Early on in the book Ridley makes the error of confusing the human 'mind' with 'brain function' (74), a misnomer that continues throughout, e.g., 'human minds are never isolated' (204, 208). Though it is clear that Ridley has no knowledge of the philosophy of mind and fails to understand the many arguments concerning mind / body dualism he makes a rather gratuitous attempt to rubbish philosophers. To take one example. Ridley argues that the strive for reproduction 'immediately explains something that Aristotle, Descartes, Rousseau and Hume had not even realized needed explaining: why people are nice to their children..." (237). 'People are instinctively nice to their children because their genes make them that way, and their genes make them that way because genes that do so survive -- through the children -- at the expense of genes that do not' (242). This leads to some rather gratuitous claims, such as the verdict that the gene SRY 'sets in motion the sequence of events that (usually) leads to men sitting on couches drinking beer and watching football while women shop and gossip'(247). At this point it is hard to disagree with Mary Midgley's comment, which Ridley quotes and then quickly dismisses, that 'genes ... are just protein recipes; "they cannot be selfish or unselfish, any more than atoms can be jealous, elephants abstract or biscuits teleological"' (237).

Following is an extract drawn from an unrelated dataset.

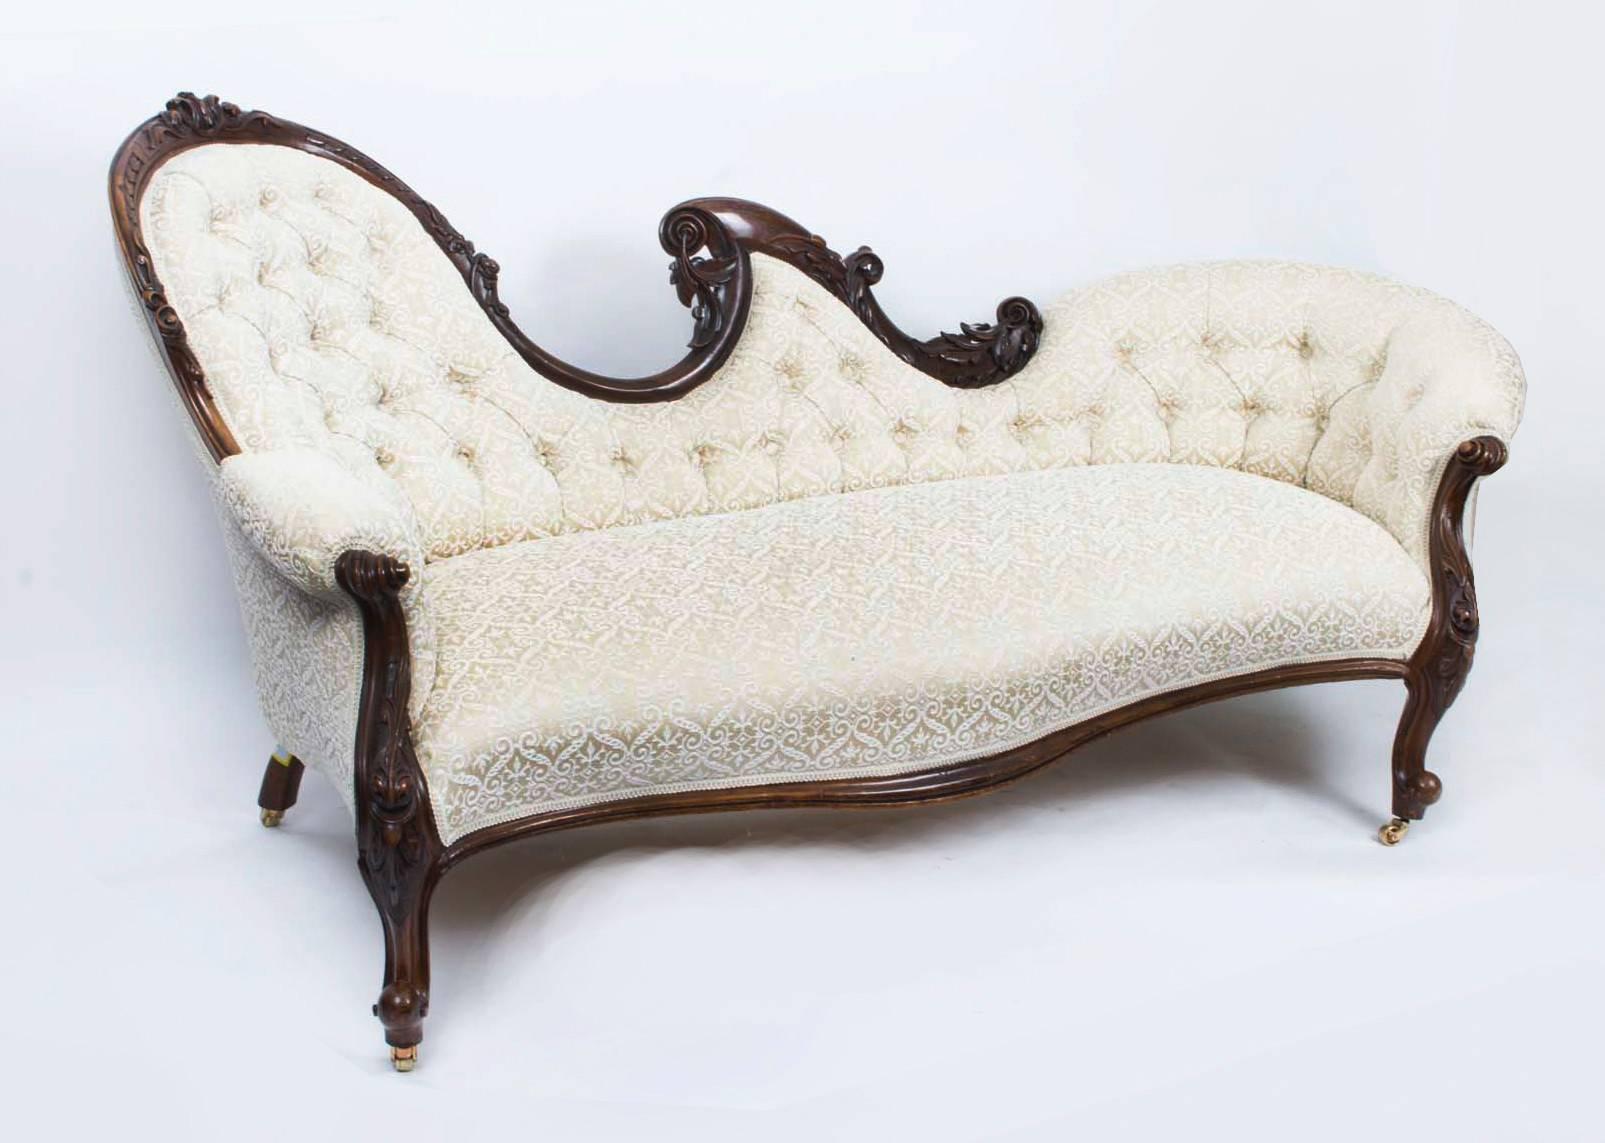 This is a fantastic pair of near identical English antique Victorian carved mahogany chaise longues facing opposite ends, circa 1870 in date. 

They are made from solid mahogany and stand on elegant carved cabriole legs which terminate in the

The main problem with this book lies in its mish-mash of controversial scientific data, its need to both accept and dismiss genetic determinism, its failure to fully explain 'nurture' (which says nothing about perception, affects, reason or intuition) its confusion of mind with brain and its lull of perpetual contradictions, through which, it is clear, Ridley remains unsure of his own position. Though Ridley turns, in his last chapter, to a discussion of 'freedom of will' the absence of any philosophical literature (which is vast) is all too apparent. It is therefore difficult to determine to whom this book will appeal. Its mix of pop-psychology and pop science is no doubt aimed at this market but its place in the nature/nurture genre remains shallow. This is summed up in the last sentence, 'Nature versus nurture is dead. Long live nature via nurture' (280).

 

© 2003 Eccy de Jonge

 

Eccy de Jonge is lecturer in philosophy at Middlesex University, UK and the author of Spinoza and Deep Ecology: challenging traditional approaches to environmentalism (Aldershot: Ashgate, 2003).